Welp. This schedule was terrible. I was getting anxious just writing it and nothing has even happened yet.
Also, this was a thing.
Me: Ugh! *incoherent noises*bangs the clipboard down on the counter*
Brandi: What’s up?
Thabet: Yeah, who was that you were talking to?
Me: That teacher that keeps coming around and checking up on Nick.
Brandi: Ohh…what did she want?
Me: to tell me she’s not telling me what to do, but to not schedule him all weekend.
Thabet: I wondered why you were talking so loud.
Me: Because I was using my best try-to-sound-professional-but-also-tell-you-to-eff-off voice.
Me: …and also distract from the fact that I wasn’t wearing my uniform and my shirt is covered in unicorns.
Me: I felt foolish.
Brandi: I never would have thought of that.
Me: I know. *puts head down* Der Führer would be so disappointed with me.
Thabet: Yeah, we have an image to uphold, you know.
Me: You’re right. I should be punished. *hopeful* Do you suppose I could be shot before the holidays?
Thabet: No, you gotta work and suffer with the rest of us.
Me: *gag noises*
I had Saturday off, but I’ve given that up so we can have enough ushers in the morning. I think right now that four of us are working 6 days next week, and two more are working at least one double.
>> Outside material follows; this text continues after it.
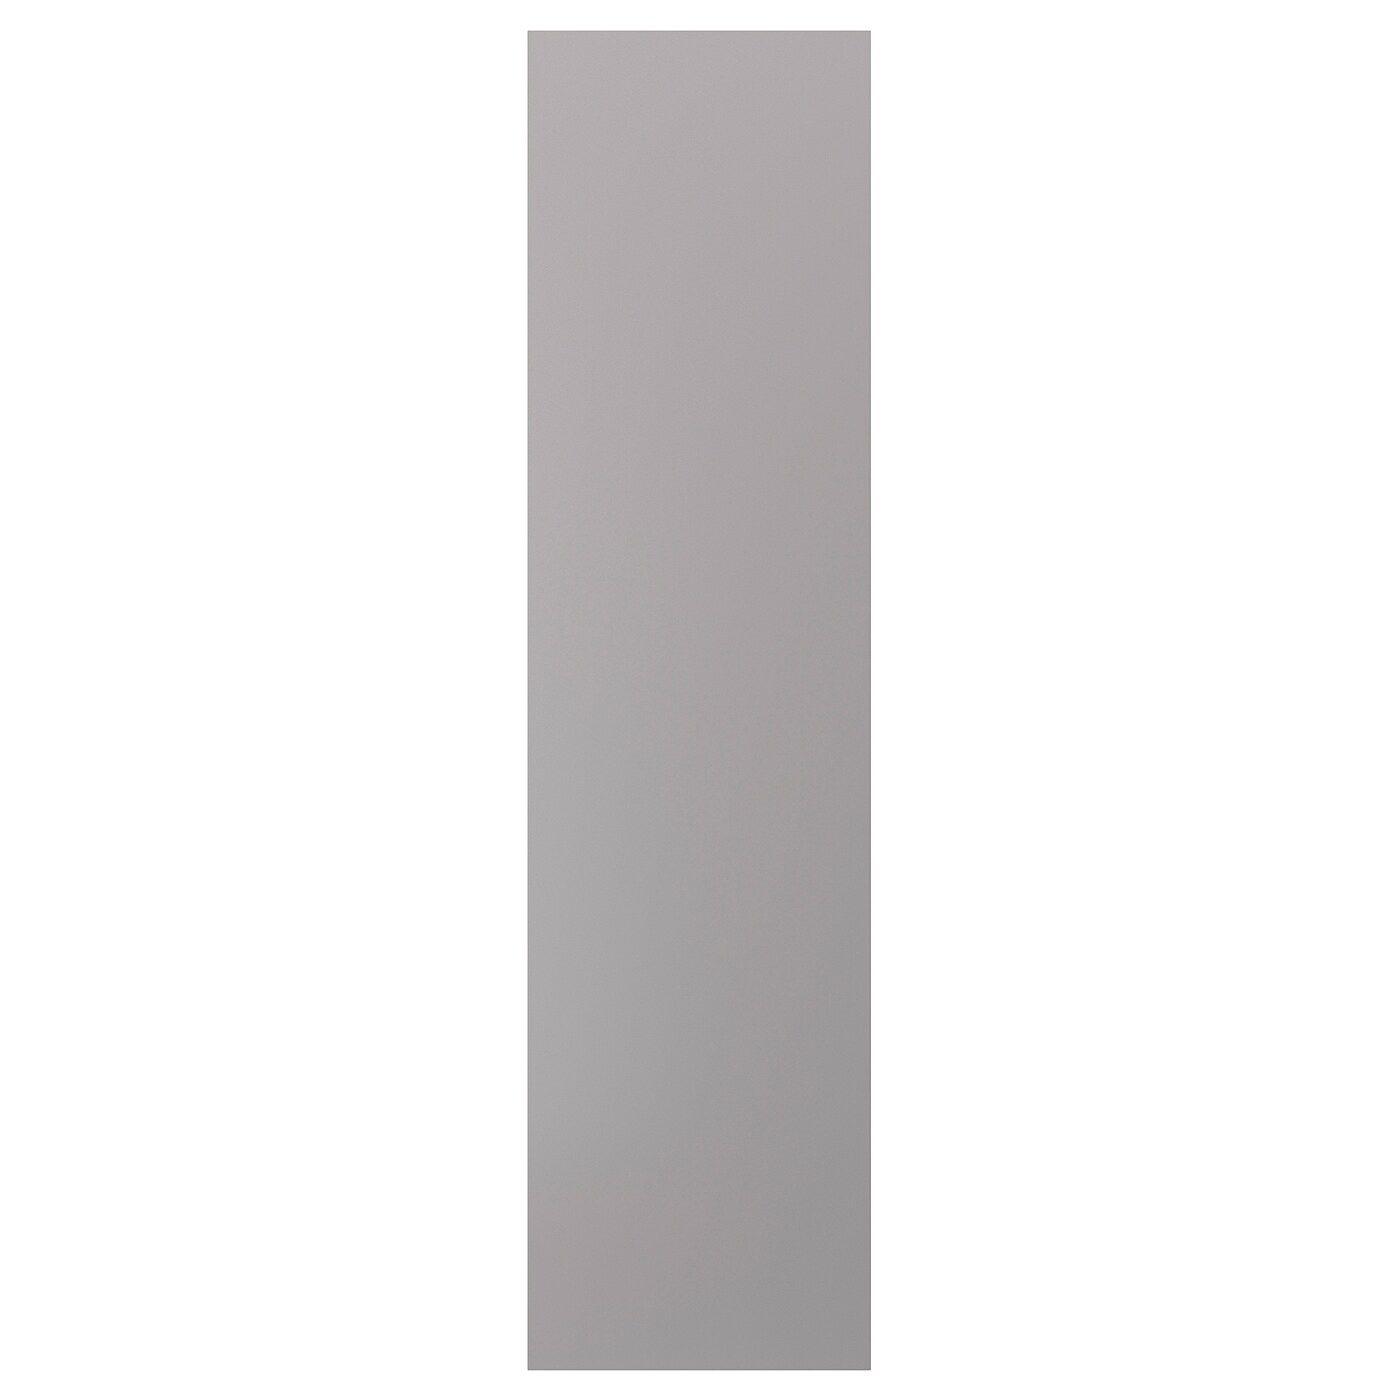 BODBYN Deckseite - grau - IKEA Österreich | Schiebegardine ...

Some of our “part time” crew are scheduled for almost 50 hours, too…
*feels anxiety setting in again*
Well. At least someone is coming to the theatre to see me tomorrow…I might not actually get to see her because I have that stupid class to teach (alright, alright…it’s not stupid…it’s just tedious and I hate it), but I talked to her on Facebook and am giving her a book that I don’t think I’ll read again…I feel kind of good about the little conversation we had, so maybe I will try to make a friend again?
Is it weird to make friends with someone that much younger than you? *anxiety again* I don’t know…I just want a friend who isn’t someone I work with and whom I didn’t allow terrible things to happen to and who isn’t hundreds of miles away from me. And with whom I actually have shared interests… *wrings hands*
I’m not asking for a lot, right? 😦
But–I was trying to look on the bright side, wasn’t I?
So, Hannah is coming to the theatre to see me and maybe I will convince her it wouldn’t be weird to hang out–UGH…I’m too weird to have friends! That’s been it all along! *breaks down*–
*pulls it together again*
Just kidding. I’m good. I’m great. Who wouldn’t want to be my friend? *forges on to a new sentence*
And then Thursday, Jester and I and maybe my sister and her boyfriend, are going to the zoo to see their lights display. Maybe I’ll go walking again in the early part of the day? Idk.
And then on Friday I do have to get up early and work…but a thing has also happened where I’m going to try and surprise Jester…hopefully things go well with that.
And then the rest of the week is where it just rolls straight downhill. And it’ll keep rolling on down into the next week.
I need to sleep.
I need to sleep and not get myself all agitated. I woke up last night after just 3 hours and I never fully fell asleep again after that because I just kept going over things again and again and again and even after I’d already done it…
(Wolf me chimes in–I won’t take that anxiety medication. I won’t. I refuse.)